» **Task prompt**: Exclude images; transcribe the rest of the data exactly.

» **Source data**:
—————

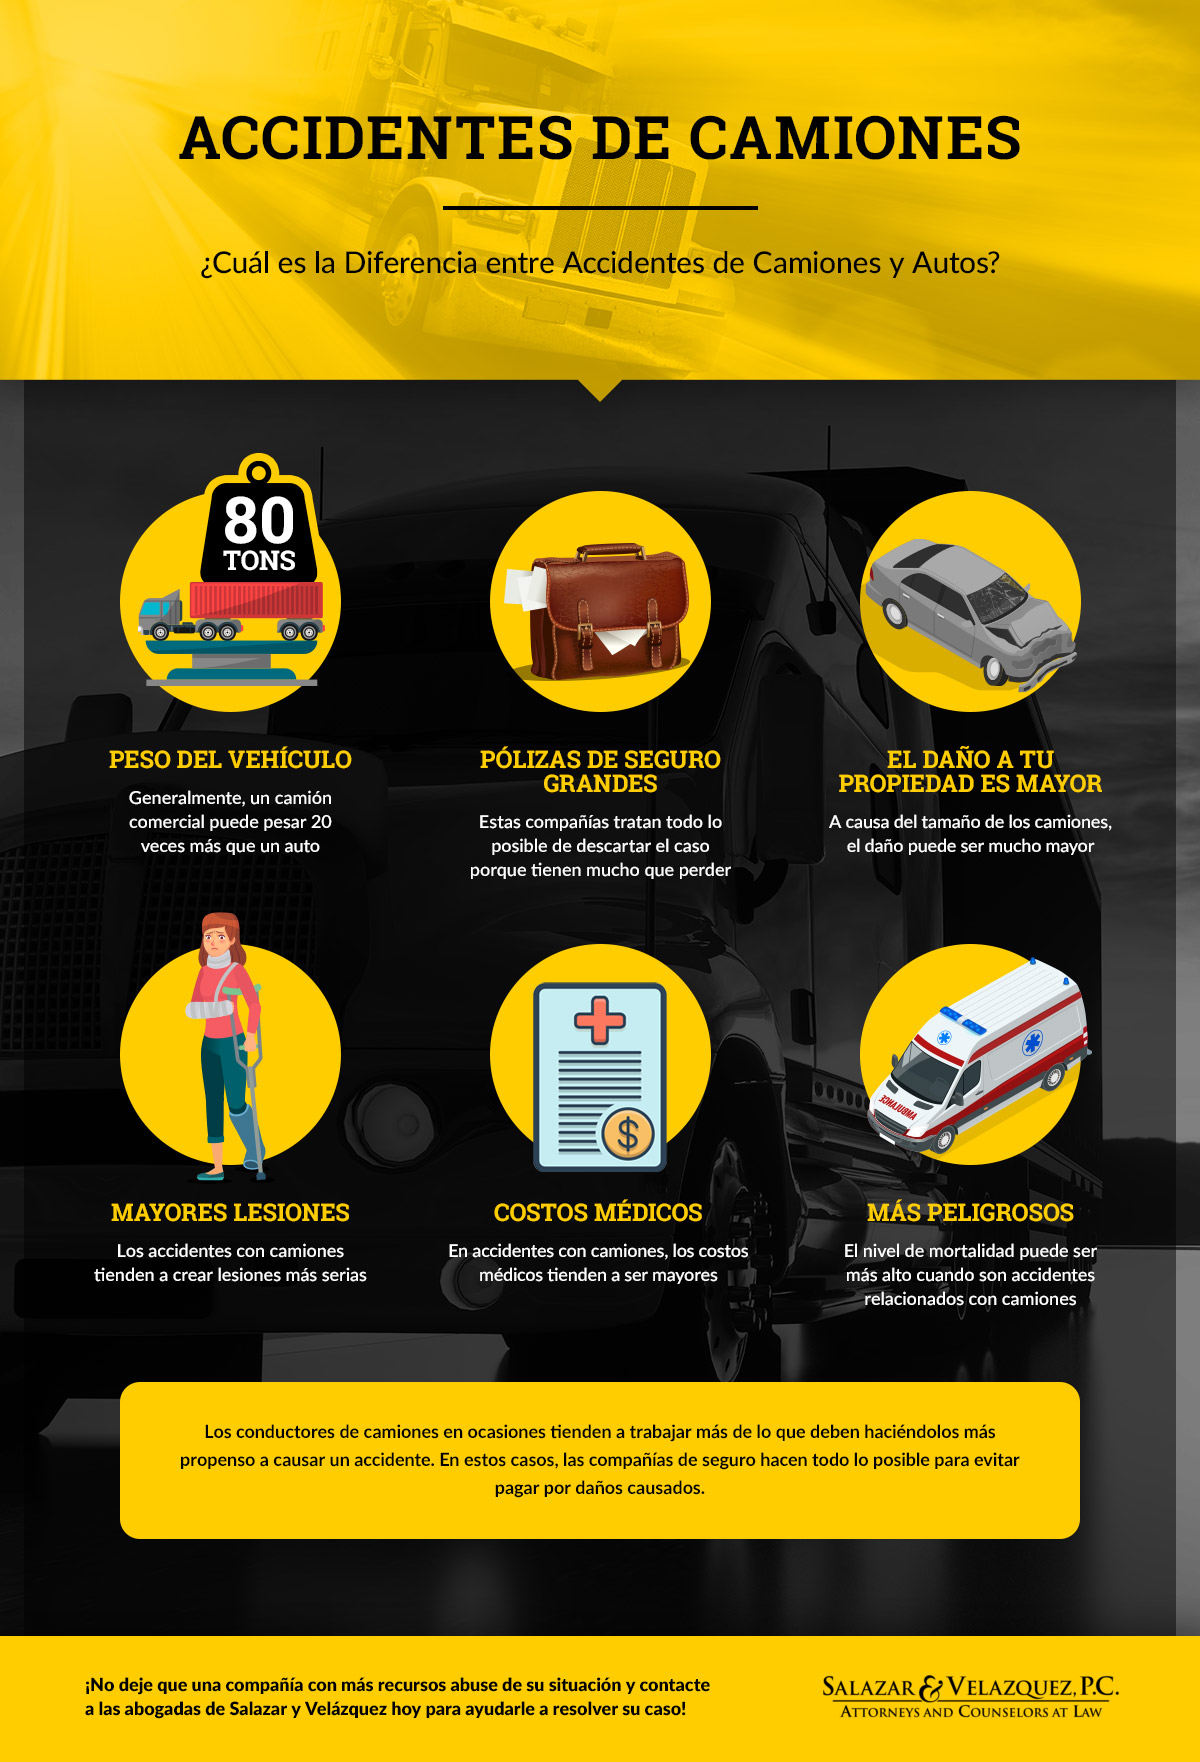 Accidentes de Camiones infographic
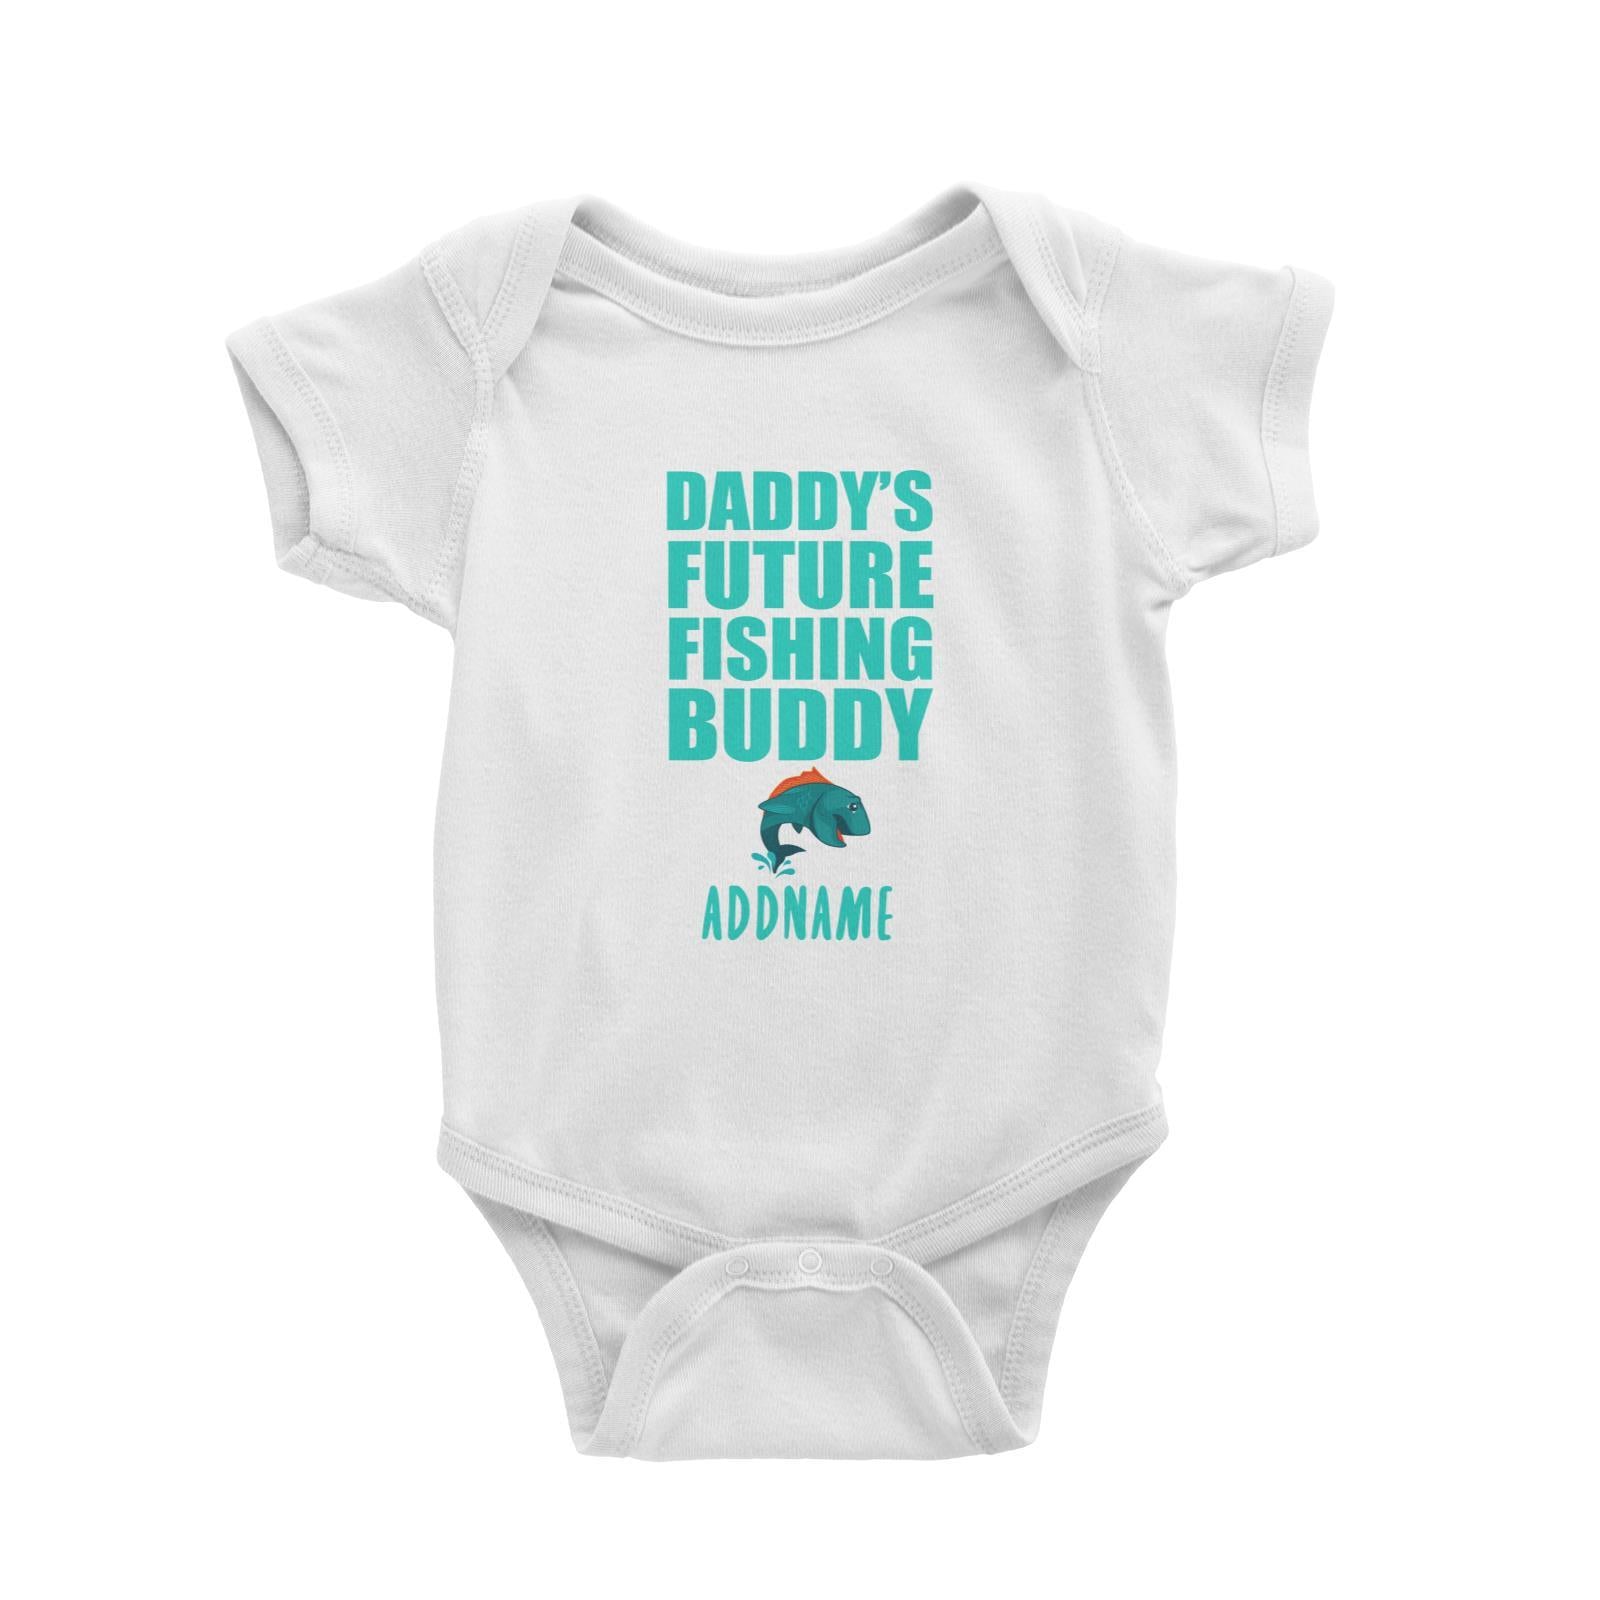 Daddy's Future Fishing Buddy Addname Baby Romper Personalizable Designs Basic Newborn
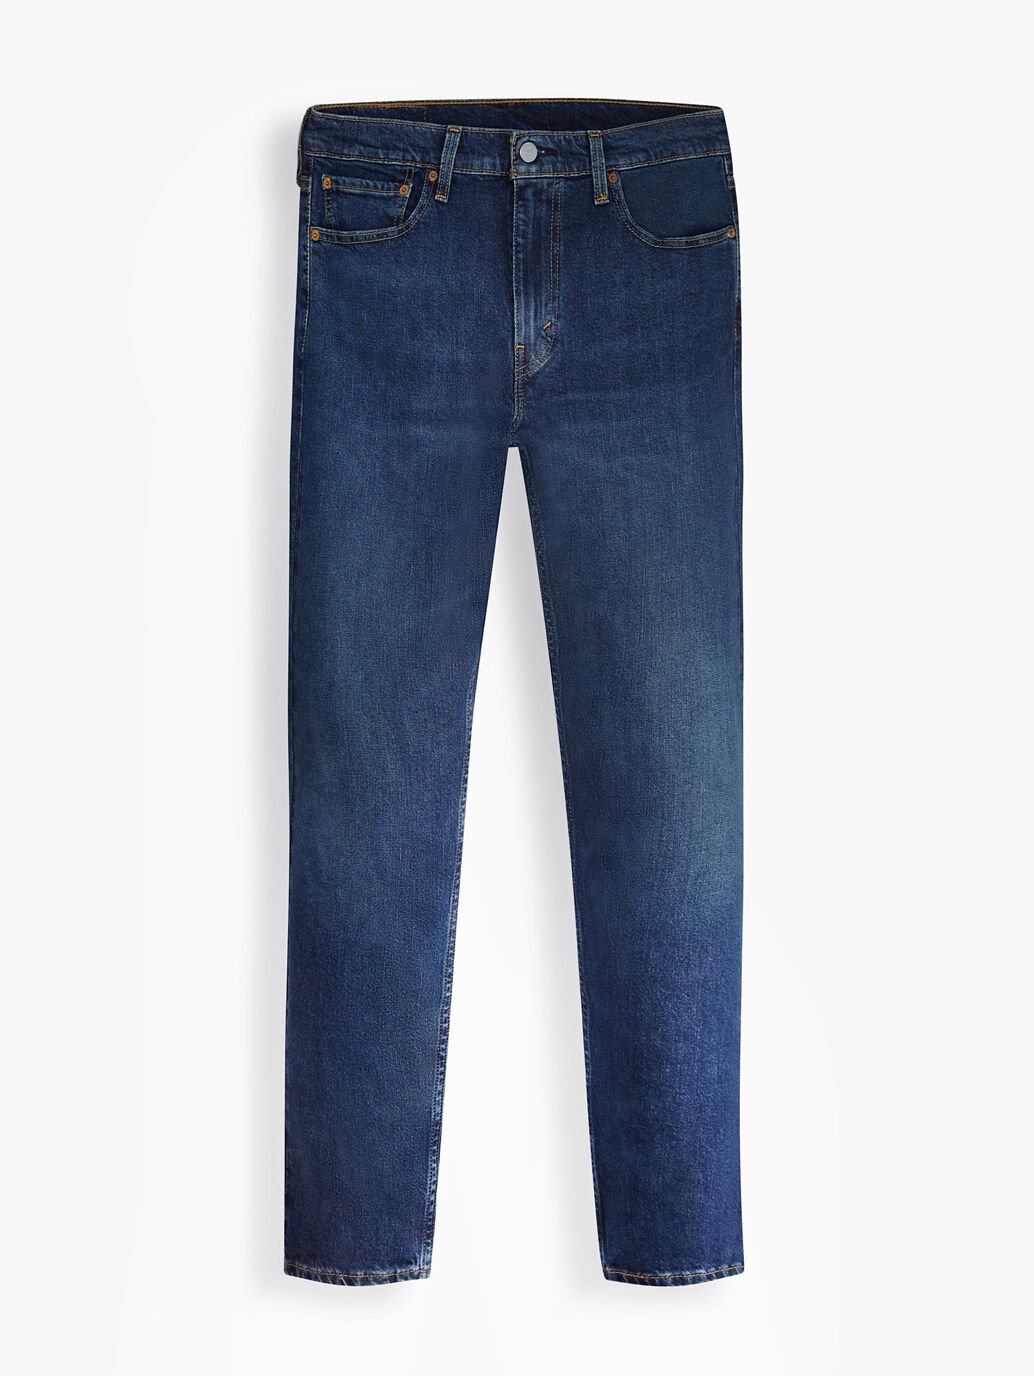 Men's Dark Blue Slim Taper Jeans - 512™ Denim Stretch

—————

» **Solution for this exercise**:
 Accidentes de Camiones infographic
 Daddy's Future Fishing Buddy Addname Baby Romper Personalizable Designs Basic Newborn
 Men's Dark Blue Slim Taper Jeans - 512™ Denim Stretch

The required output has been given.